Se refiere a la foto de una anciana esquelética recostada en posición fetal sobre un edredón de flores que tomó en 1987, cuando era editor de El Periódico de Catalunya. Técnicamente no está desnuda —lleva un calzón blanco exageradamente grande— y su expresión, el pecho izquierdo marchito y a la vista, revela una resignación amarga.

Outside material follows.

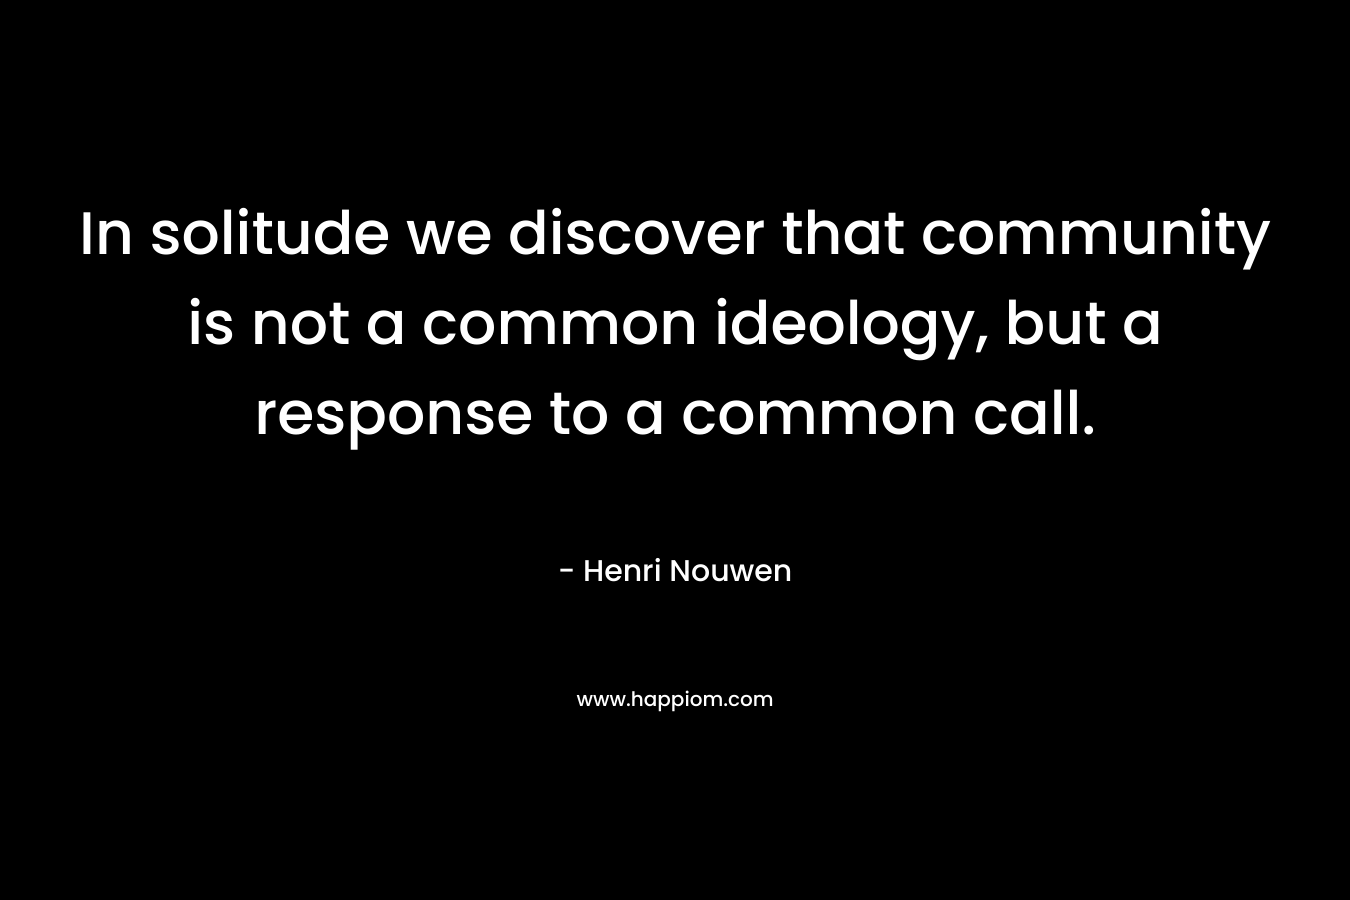 In solitude we discover that community is not a common ideology, but a response to a common call. – Henri Nouwen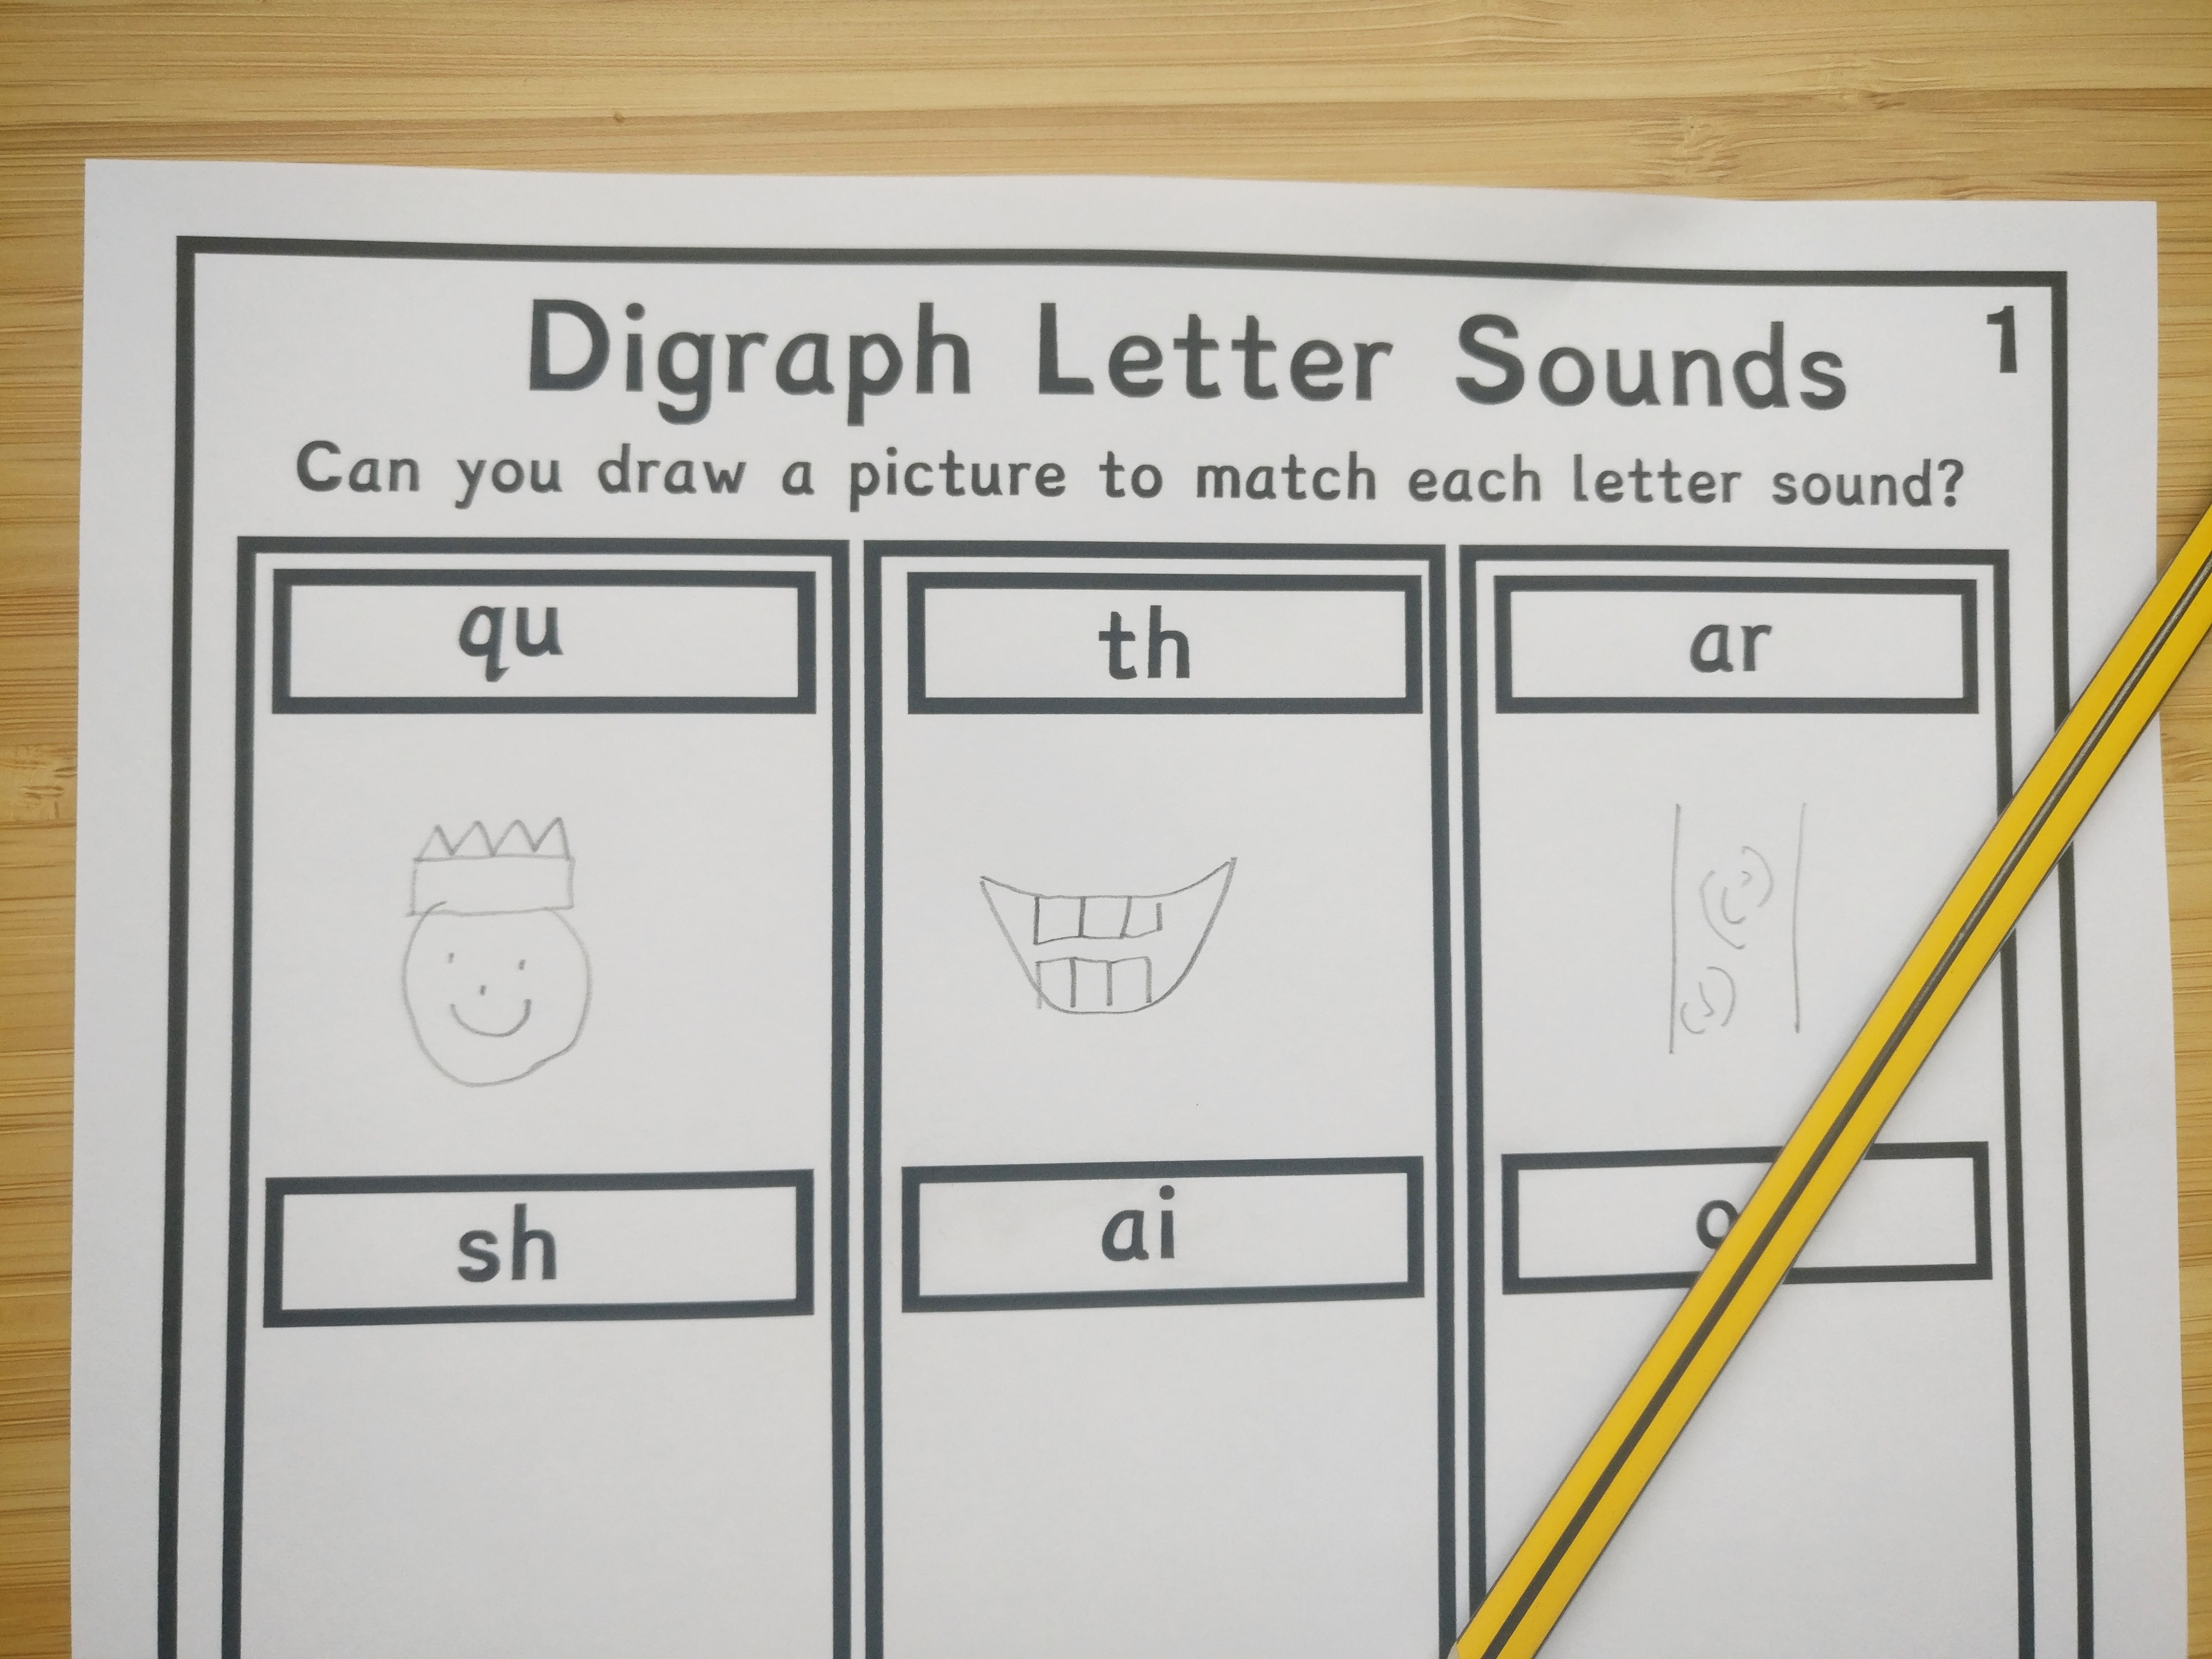 Draw a Picture to Match the Sound

—A la vieja la encontraron hecha mierda, sin comer, y con la casa llena de ratas en un departamento en el centro de Barcelona. El fotógrafo que había mandado la había hecho metida en la cama, con flash, y cuando vi el material me puse loco. Fui hasta el lugar, reuní a los vecinos y les dije “o hacemos la foto dramática que necesitamos para que se escandalice todo el mundo y alguien se ocupe de la señora o la señora va a quedar acá y se les va a morir”. Cuando me preguntaron qué tenían que hacer les dije: “Dejarla como la encontraron”.
—¿La desnudaron?
—No sabés lo que fue convencer a la vieja, le sacaban la ropa y nos puteaba. Pero al día siguiente llamó alguien al diario para hacerse cargo de ella. La realidad de esta mujer no era la foto con flash y tapadita, era desnuda como estaba. A la mujer le sirve y a mi narciso también, porque uno se siente protagonista.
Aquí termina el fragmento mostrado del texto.